Lucia di Lammermoor
Coliseum
Gentle Giant
Linbury Studio
Can Lucia take this amount of messing around with? I don’t think it can. Although it is a classic work of its kind, and one replete with tunes that dwell in one’s head for days afterwards, it is a fragile affair, as bel canto opera when staged tends to be at present — it is more resistant to mockery in concert performance. At the Royal Opera in 2003 an attempt was made to see it as a demonstration of the idiocy and destructiveness of male values, and the result was a near-fiasco. But moving it from one contemporary obsession to another doesn’t help. However vile Enrico may be, there is no reason to think that he ever sexually abused Lucia, or that, had he done so, the result would have been madness. For Donizetti as for Scott, Lucia being made to marry a man for whom she has no love, and having to be separated from another for whom her passion is reciprocated, is enough — and should therefore be enough for us too. Her beloved Edgardo, who has the most affecting music in the opera, the final scene, which he has thanklessly to sing after Lucia has died, is taken by Barry Banks. He gamely does what Alden requires of him, including falling backwards out of a window in a kilt and with a tablecloth wrapped round his head at the end of the sextet, but he fails to convince. Banks is an irrepressibly cheerful kind of chap, with a rather whiney voice, and his attempts at storming and grieving fail to convince, despite the intensity of his singing. A good deal has been made of the fact that at ENO we hear Lucia accompanied by a glass harmonica, not by a flute, in her mad scene, and that is authentic. But that is what we heard at the Royal Opera too, and it was highly effective.

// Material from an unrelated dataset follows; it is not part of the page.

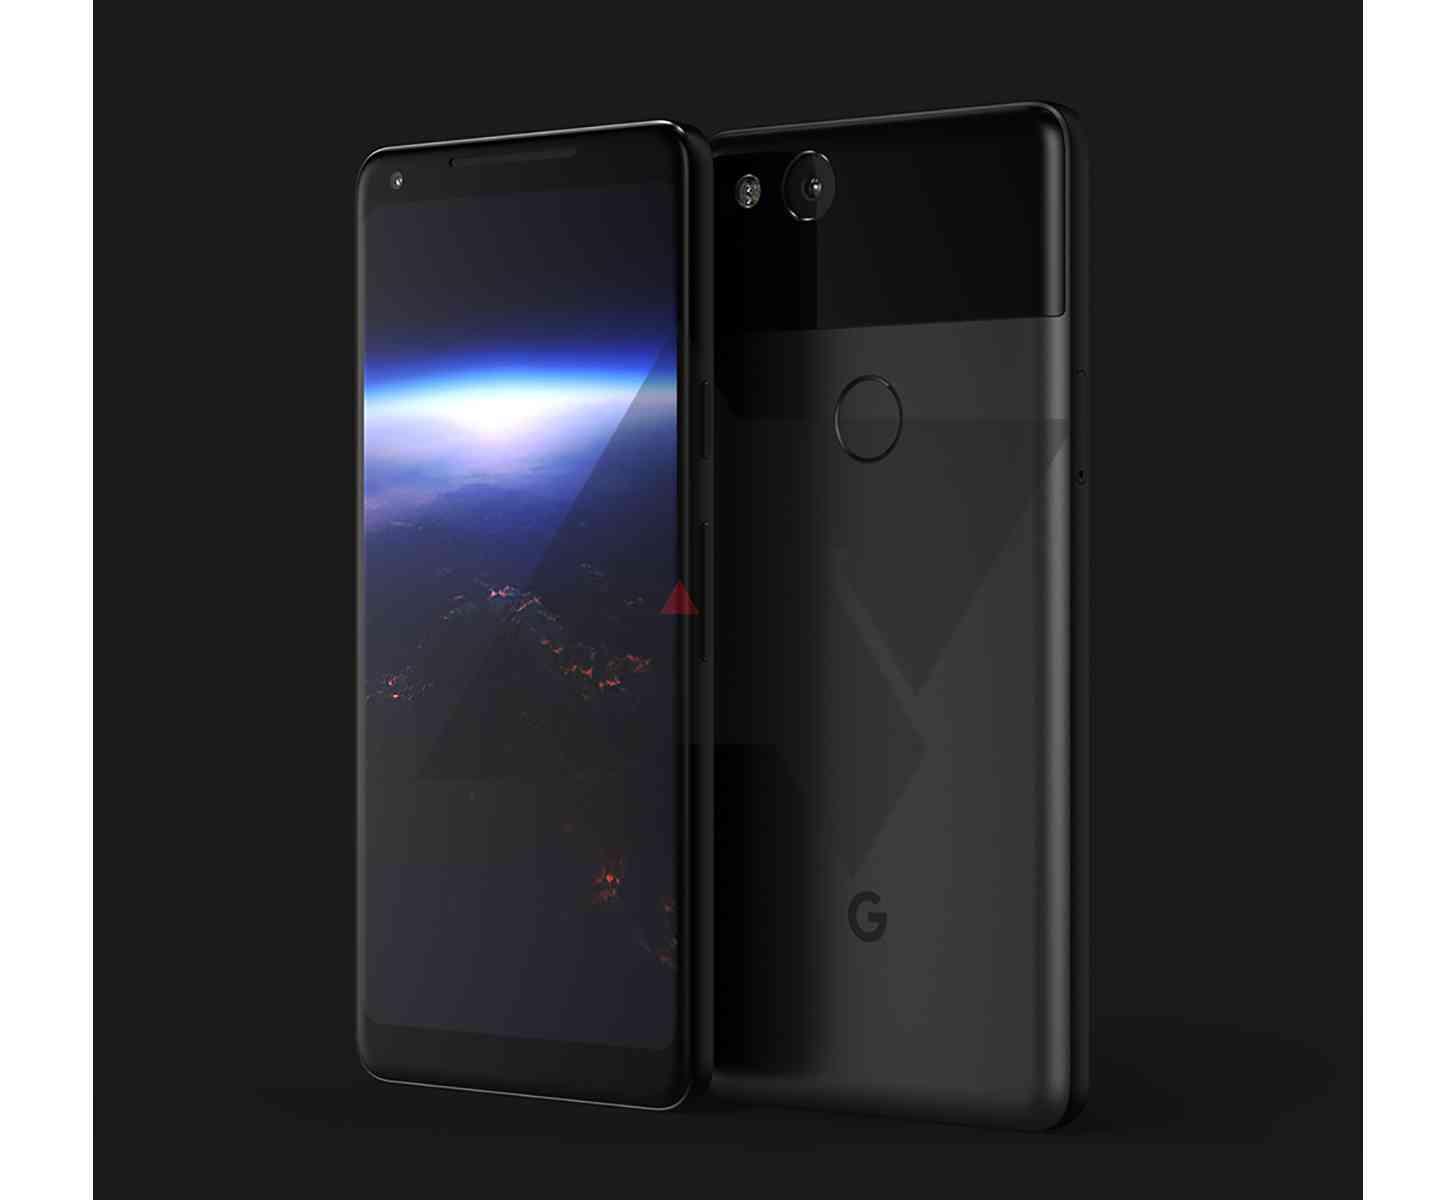 Latest Google Pixel Xl 2017 Leak Hints At Always On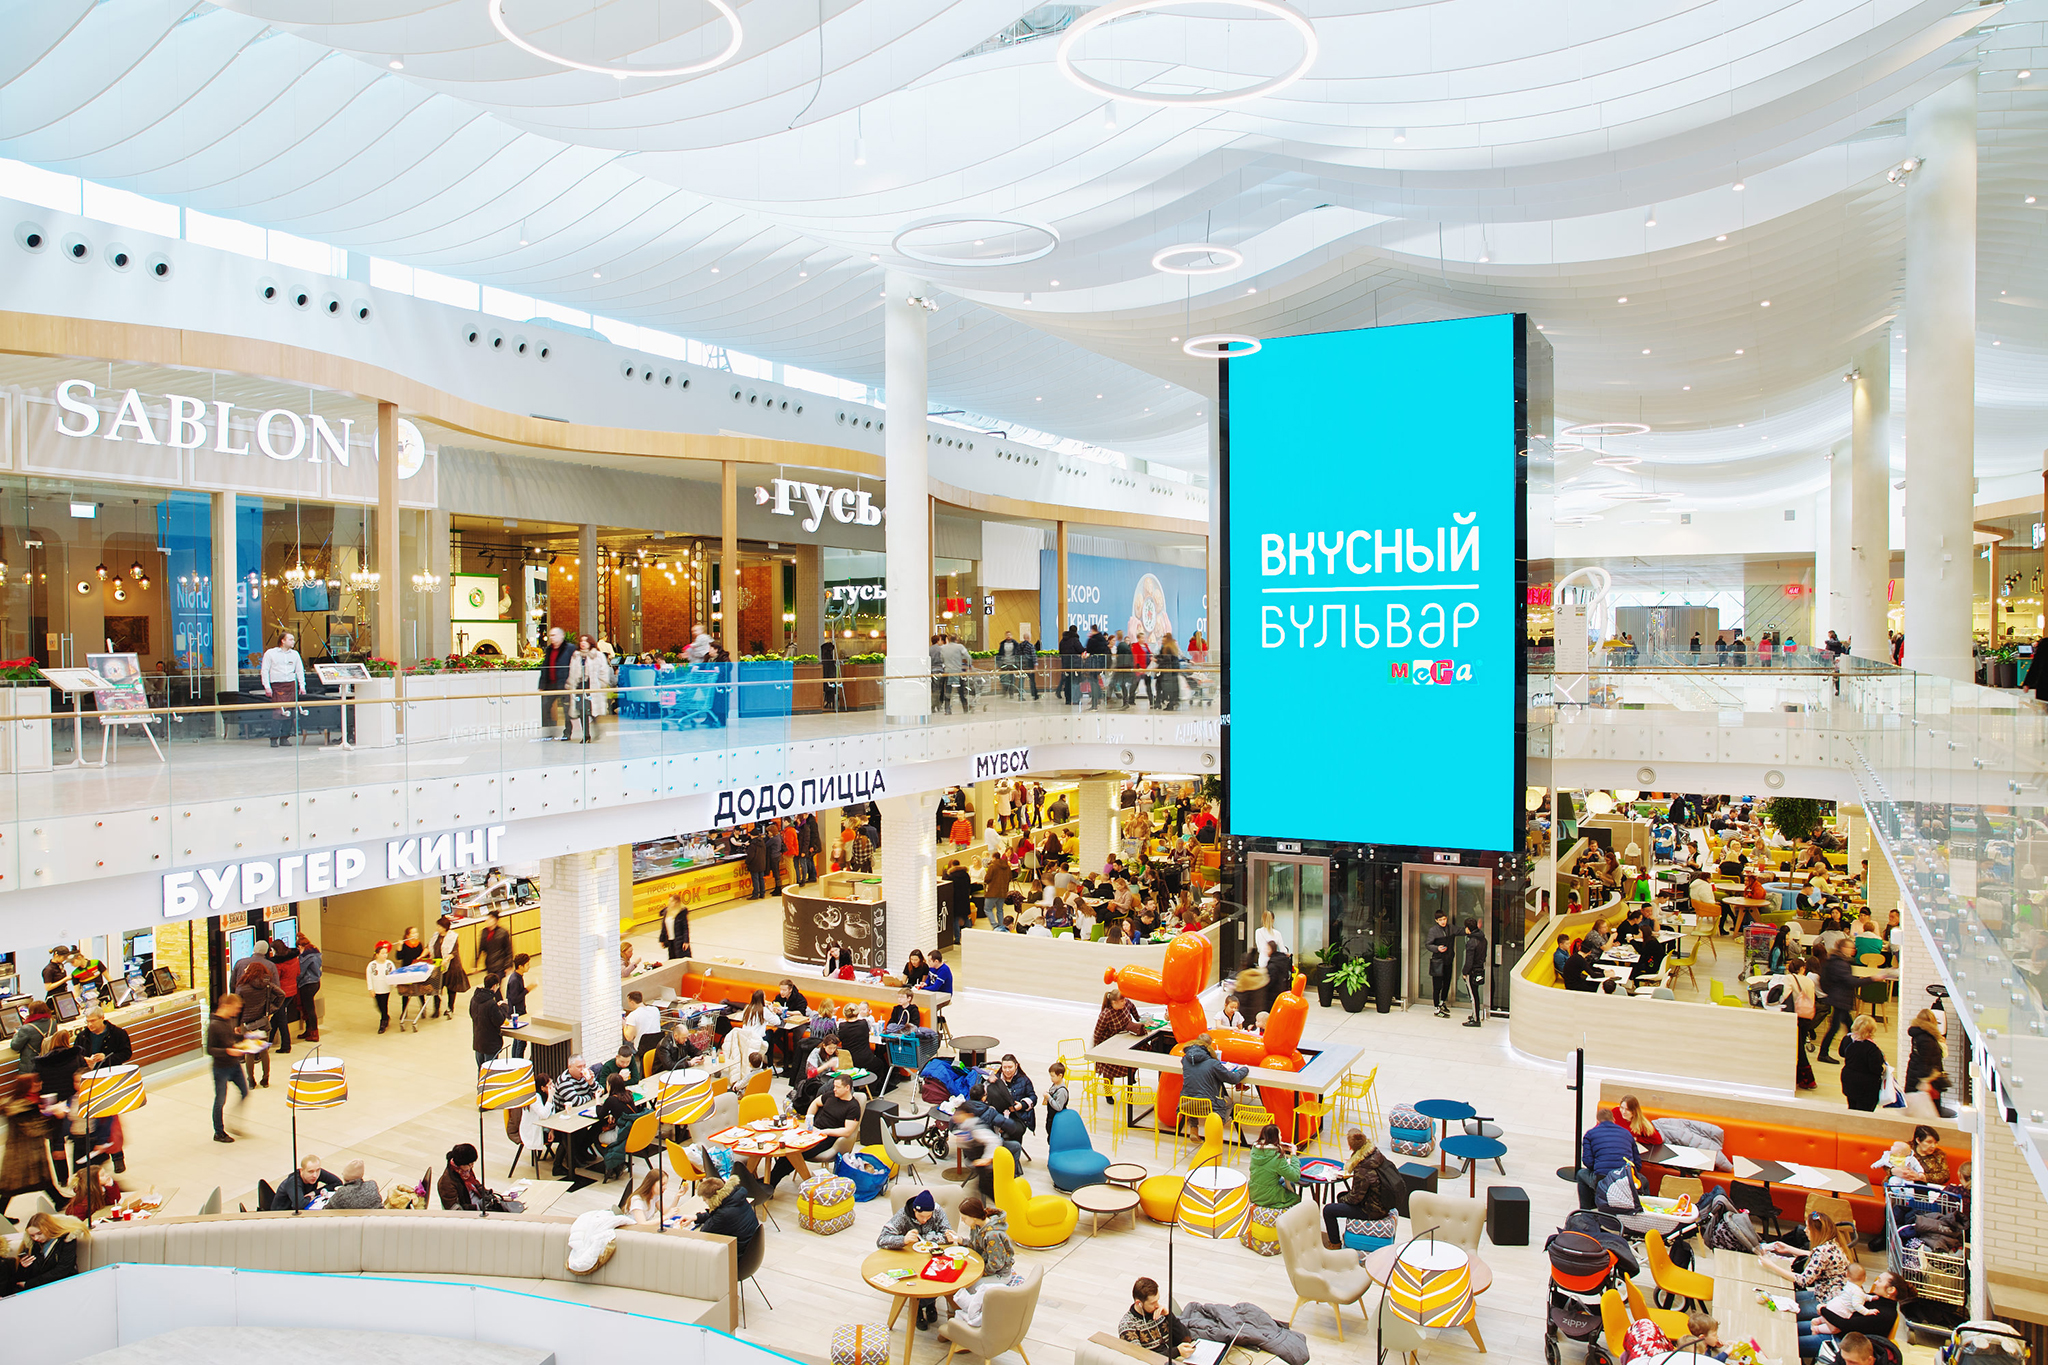 Мега (сеть торговых центров) — википедия. что такое мега (сеть торговых центров)

At the Linbury Studio we had an opera for children, Gentle Giant, by Stephen McNeff. It has the sovereign virtue of brevity, 70 minutes, an ideal length and not requiring an interval. I saw it two years ago in Cambridge and found it worthy, earnest, but not likely to stick in the memory, or — more important — to encourage children to go to opera again. The story is of islanders who shun the giant who does their roofing, and of a small girl whom he rescues when she falls in the lake. Later a conman sells the islanders magic dust, but it only produces algae, which the giant knows how to eliminate, so he is accepted and everyone dances — with acute self-consciousness, I must add.
The second and third demands on an opera of this kind are tunefulness and a clear, compelling storyline. This has neither. There are four instrumentalists, who have music of only moderate charm, and almost no melodies. There are four singers too, the giant being a silent role, apart from occasional grunts or howls. Admirable in their vitality and commitment as this team are, they too have slim musical pickings. The twin preoccupations of the piece — accepting people who are very different from oneself, and being careful not to despoil the natural world — are neither novel nor imbued with fresh conviction. The opera was very warmly received by an audience of exemplary attentiveness.